Hi all
I have an interesting problem right now with ANTLR4. I have defined the following rules and tokens:
grammar xpc;
file: preprocessor ;
preprocessor:
DEFINE ID (ID | INT) #Macro
;
// Lexer section
DEFINE:
'+define' ;
ID:
ID_LETTER (ID_LETTER | DIGIT)* ;
INT: DIGIT+ ;
fragment
ID_LETTER: 'a'..'z' | 'A'..'Z' ;
fragment
DIGIT: '0'..'9' ;
Now I'm using a listener to grab when the parse tree walk enters the rule Macro and exits the rule macro.

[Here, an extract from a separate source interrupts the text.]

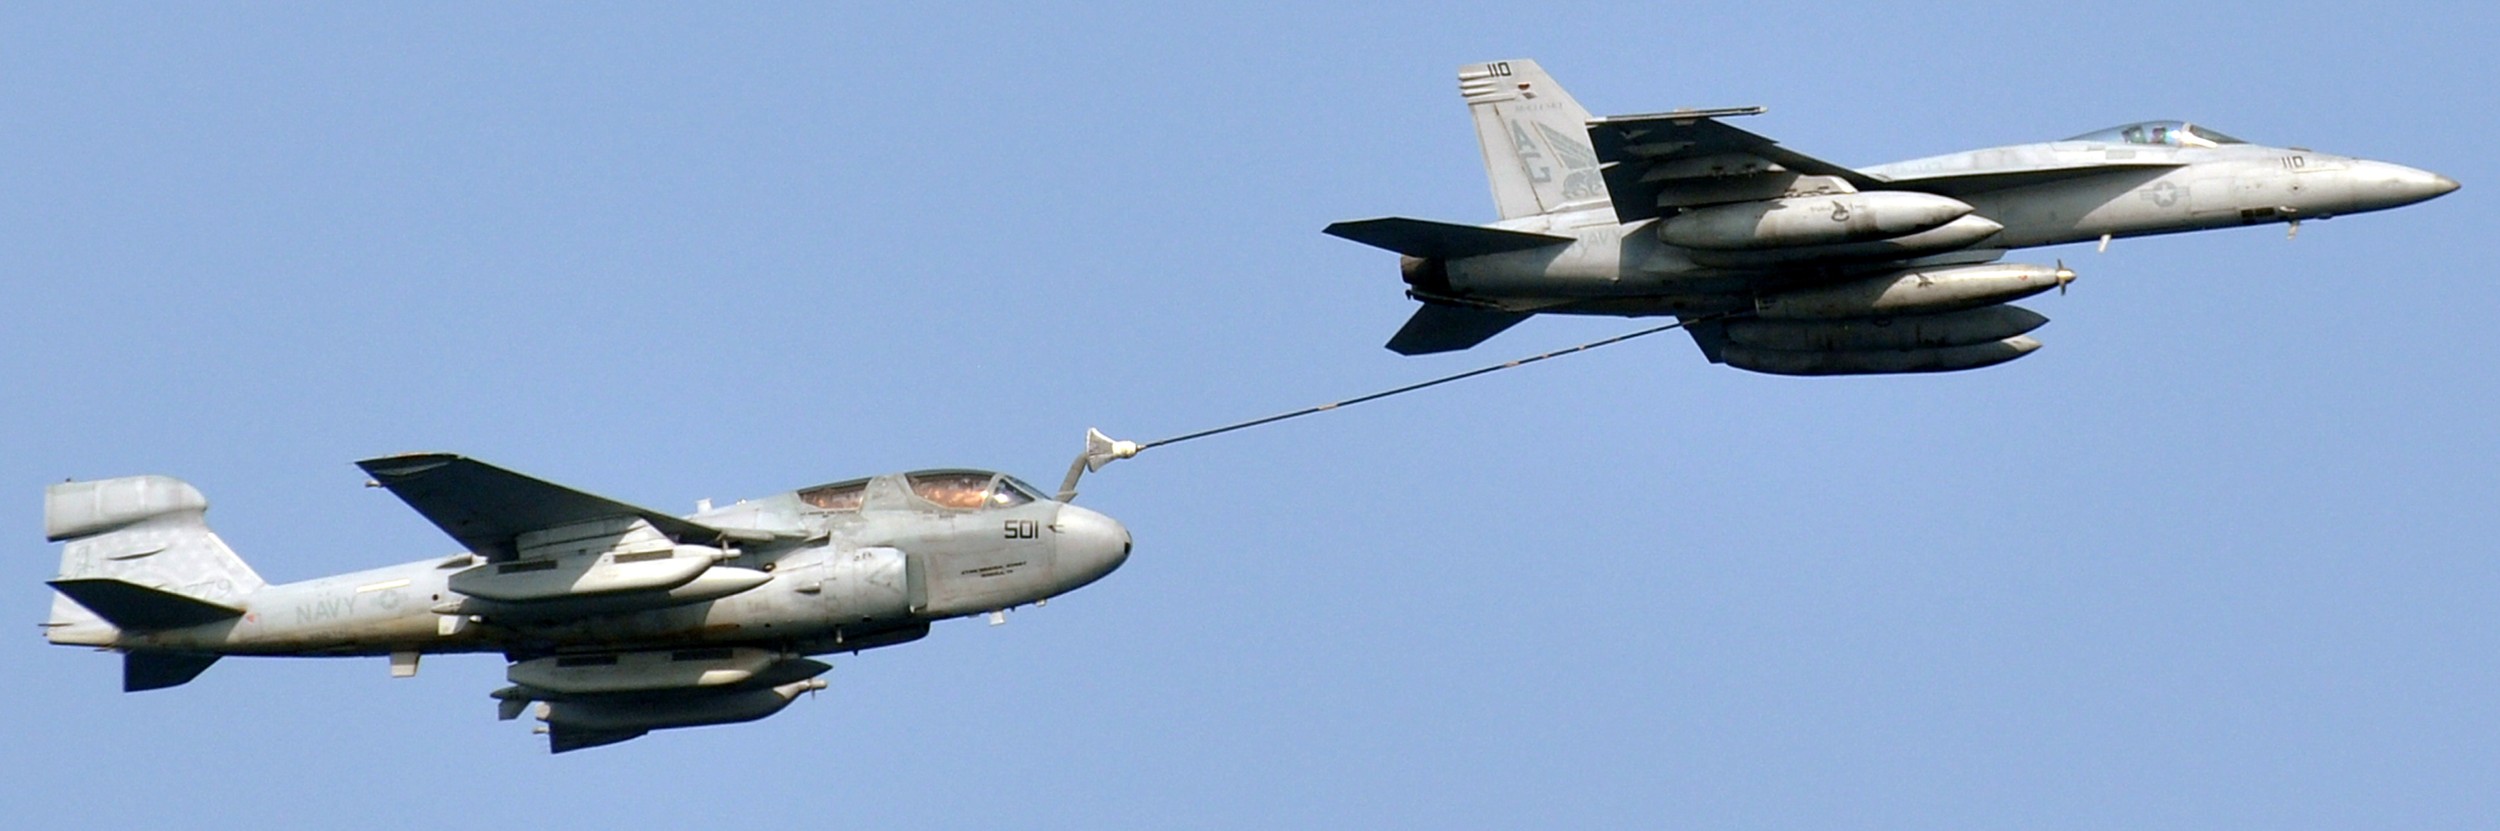 vfa-143 pukin dogs strike fighter squadron f/a-18e super hornet cvw-7 uss dwight d. eisenhower cvn-69 2012 31 refueling ea-6b prowler vaq-140
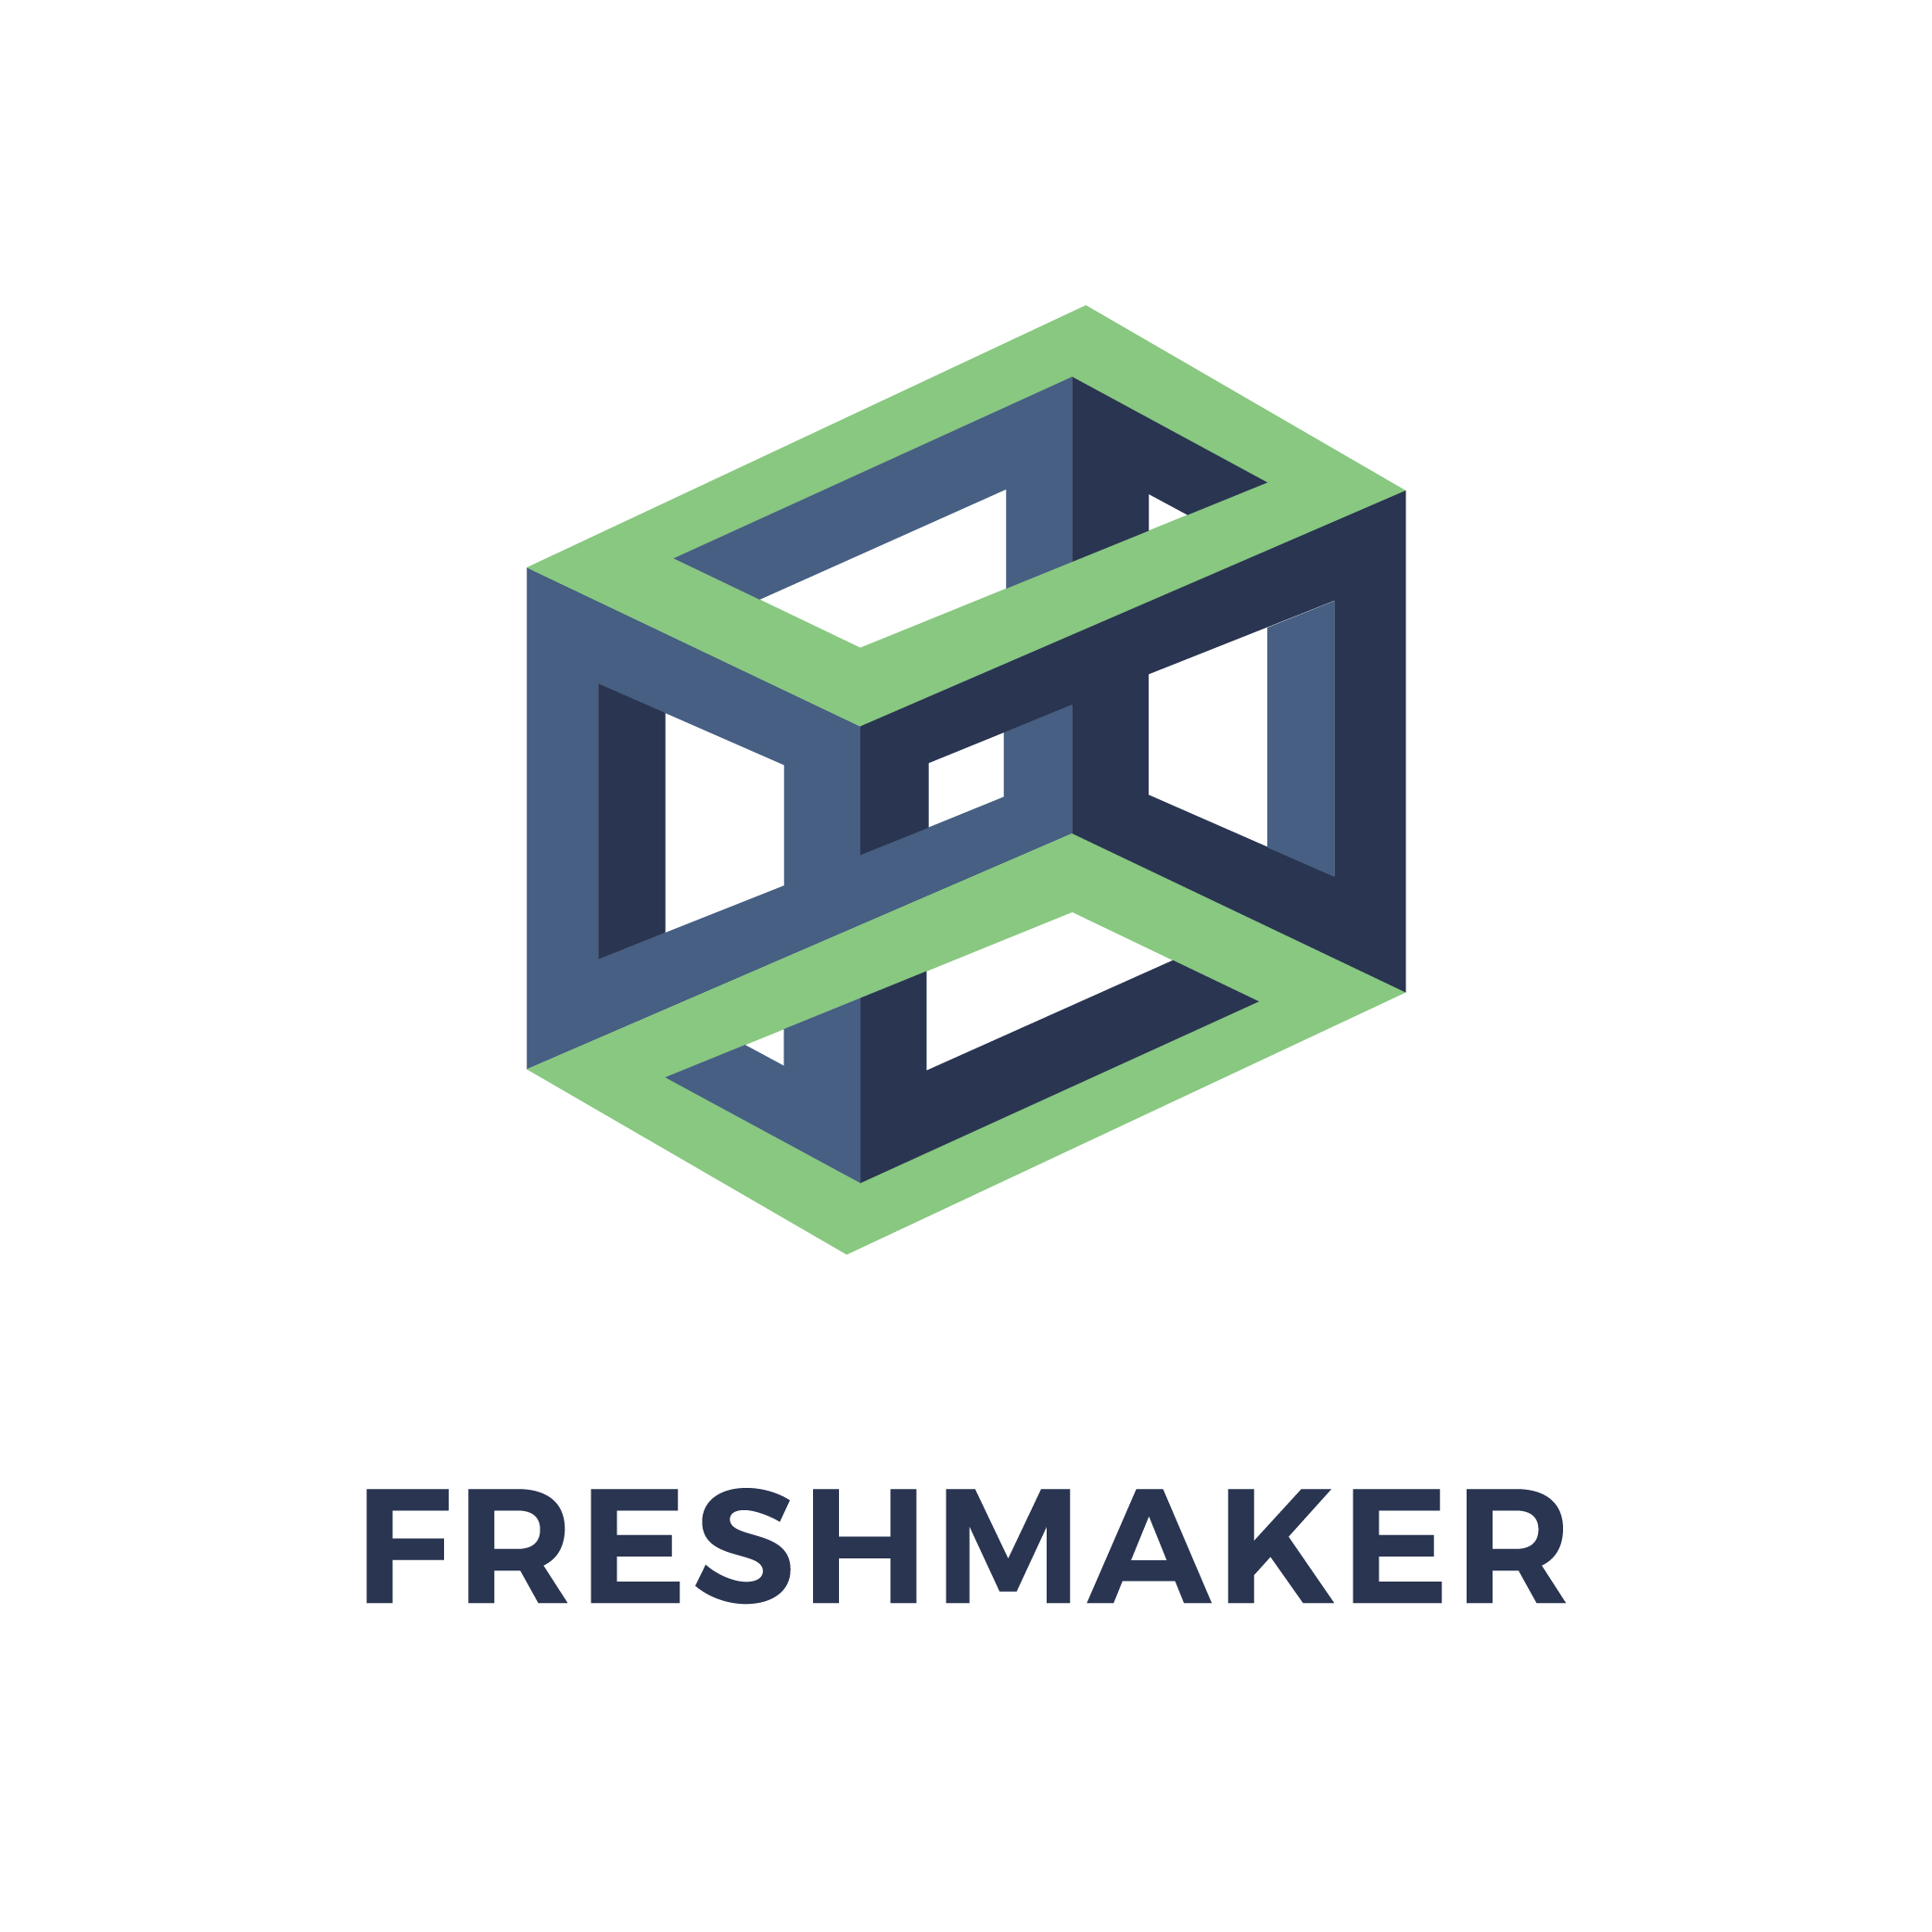 Freshmaker logo

My listener overridden methods are as follows:
@Override
public void enterMacro(xpcParser.MacroContext ctx)
{
// Look for all instances of this MACRO being used in the currently parsed file
// and replace it with the Identifier
System.out.printf("ctx.DEFINE() = %s\n", ctx.DEFINE().getText());
System.out.printf("ctx.ID(0) = %s\n", ctx.ID(0).getText());
if(ctx.ID(1) != null)
{
System.out.printf("ctx.ID(1) = %s\n", ctx.ID(1).getText());
}
else
{
System.out.printf("ctx.INT() = %s\n", ctx.INT().getText());
}
}
@Override
public void exitMacro(xpcParser.MacroContext ctx)
{
}
Now, I have a source file that's very simple:
test.xpc:
+define SOMETHING spare
In my java application, the parse tree walk will generate the following output, given the test.xpc file as an input:
ctx.DEFINE() = +define
ctx.ID(0) = SOMETHING
ctx.INT() = 10100
This is a bit odd, I would expect the rule to hit the second ID token and not the INT.
If I run the testRig on this input using this grammar and generate tokens, the following is seen:
[@0,0:6='+define',<20>,1:0]
[@1,8:16='SOMETHING',<52>,1:8]
[@2,18:22='spare',<52>,1:18]
Looking at the xpc.tokens file generated by ANTLR4, token <52> corresponds to ID.
[-bash-4.2:XPC (master)]$ grep 52 xpc.tokens
ID=52
But why does the parser in my code believe that the string spare is an INT and not an ID?
I'm quite stumped.
-Kishore